Then we use a call command in the batch file to run the batch file named %COMPUTERNAME%.bat, where %COMPUTERNAME% will be replaced with the name of the computer running the automation, which is in this case essbase30. The batch file will run, all of the SET commands inside it will associate values to those environment variables, and control flow will return to the calling batch file, which then calls essmsh to run cleardb.msh (note that essmsh should be in your current PATH for this to work). The file cleardb.msh then runs and can “see” the environment variables that we set in essbase30.bat.
If we want to, we can set variables for folder names, login names, SQL connection names/passwords, application names, and database names. Using this technique can make your MaxL scripts fairly portable and more easily reusable.
In order to get this to work on the production server, we could just create another batch file called essbase10.bat that has the same contents as essbase30.bat but with different user names and passwords or values that are necessary for that server.
For all you advanced batch file scripters out there, it may be necessary to use a setlocal command so the variables in the batch file don’t stomp on something you need that is already an environment variable. As you can see, I’m a big fan of the %COMPUTERNAME% technique, however, there are a few things to watch out for:
- You might be putting passwords in clear text in a batch file. You can alleviate some of this by using MaxL encryption, although I haven’t actually done this myself. The folder with these files on my servers already have filesystem level security that prevent access, and for the time being, this has been deemed good enough.
- It’s difficult with this technique to run automation for test and prod from the same server (say, some central scheduling server). It’s not too difficult to address this, though.
- If you run the automation from a remote server instead of the Essbase server itself, you may end up with lots of different config files — in which case, you might want to adjust this technique a bit.

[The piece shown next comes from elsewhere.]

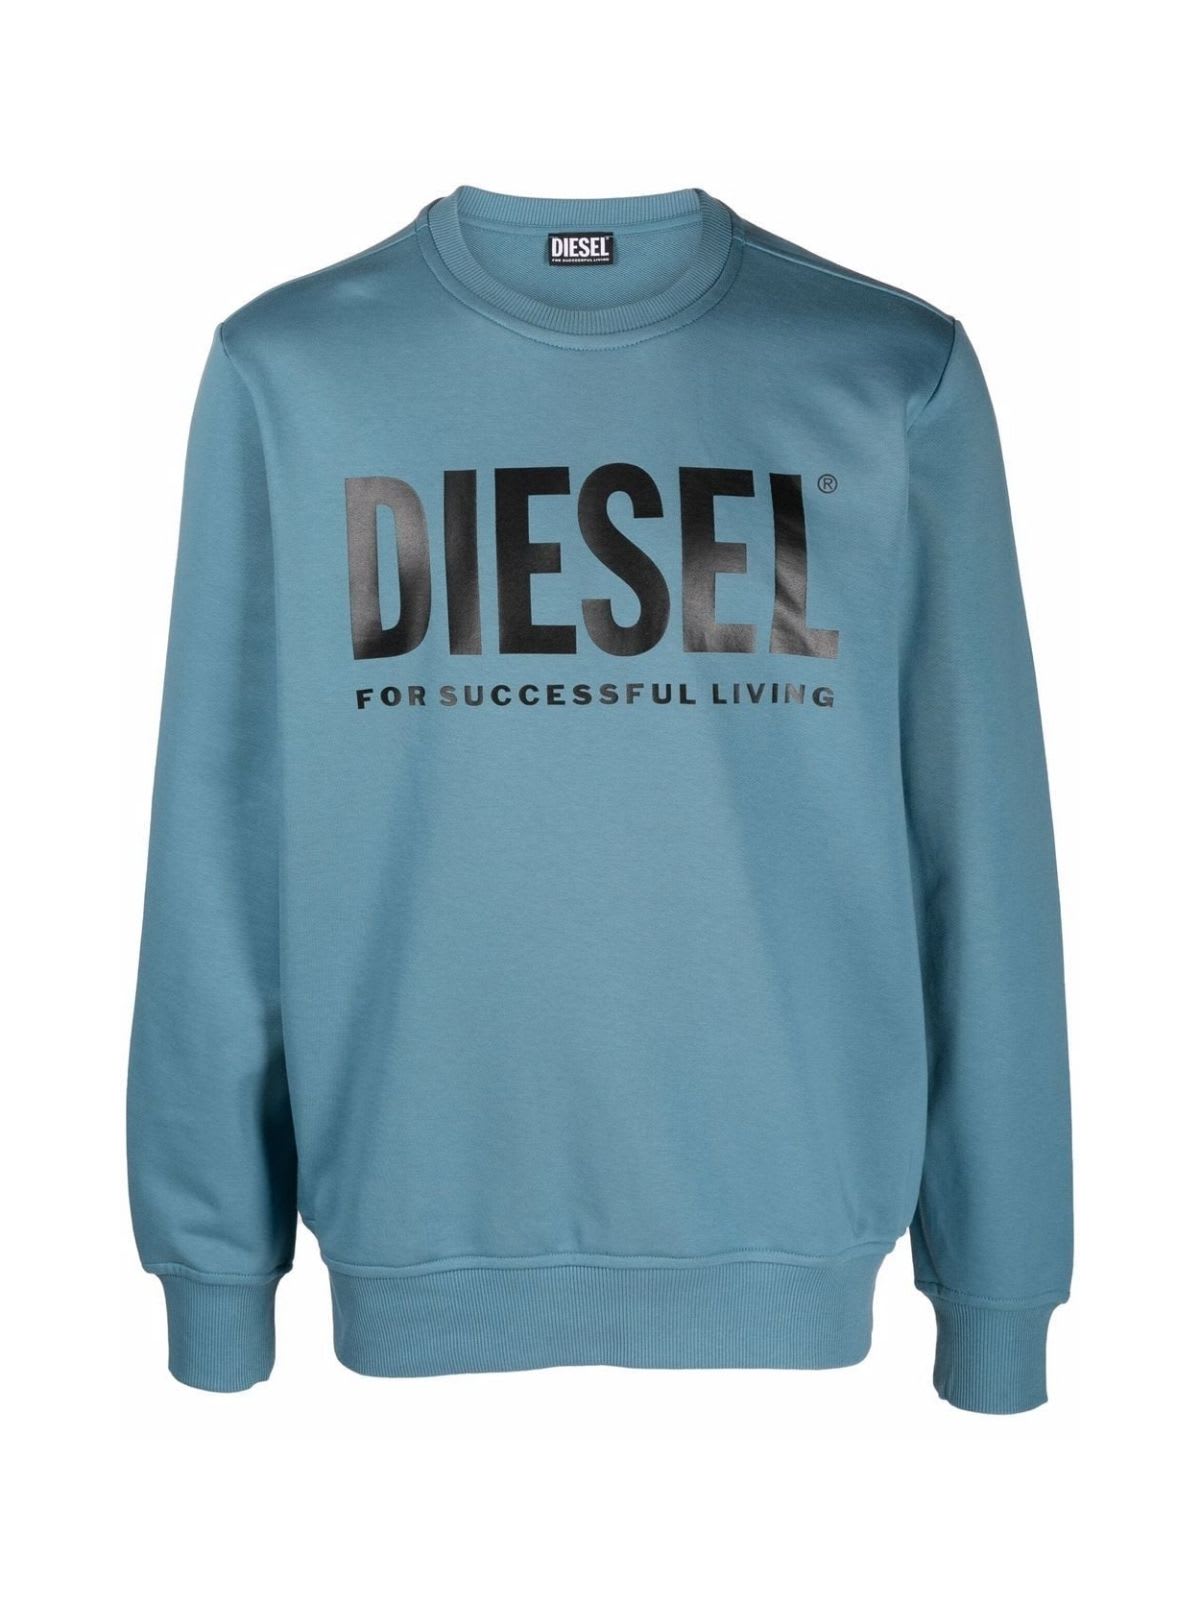 Diesel S Girk Ecologo Crew Neck Sweatshirt

As for deploying your test files to your production server, if you’ve set everything up in a generic way, then simply changing the variables in the configuration file should allow you to run the exact same script on each server. Therefore, your deploy method could literally be as simple as copying the folder from the test server to the production server. I’m actually using Subversion to version control the automation systems now, but a simple file copy also works just as well
Remote server automation with MaxL
Did you know that you don’t have to run your MaxL automation on the Essbase server itself? Of course, there is nothing wrong with running your Essbase automation on the server: network delays are less of a concern, it’s one less server to worry about, and in many ways, it’s just simpler. But perhaps you have a bunch of functionality you want to leave on a Windows server and have it run against your shiny new AIX server, or you just want all of the automation on one machine. In either case, it’s not too difficult to setup, you just have to know what to look out for.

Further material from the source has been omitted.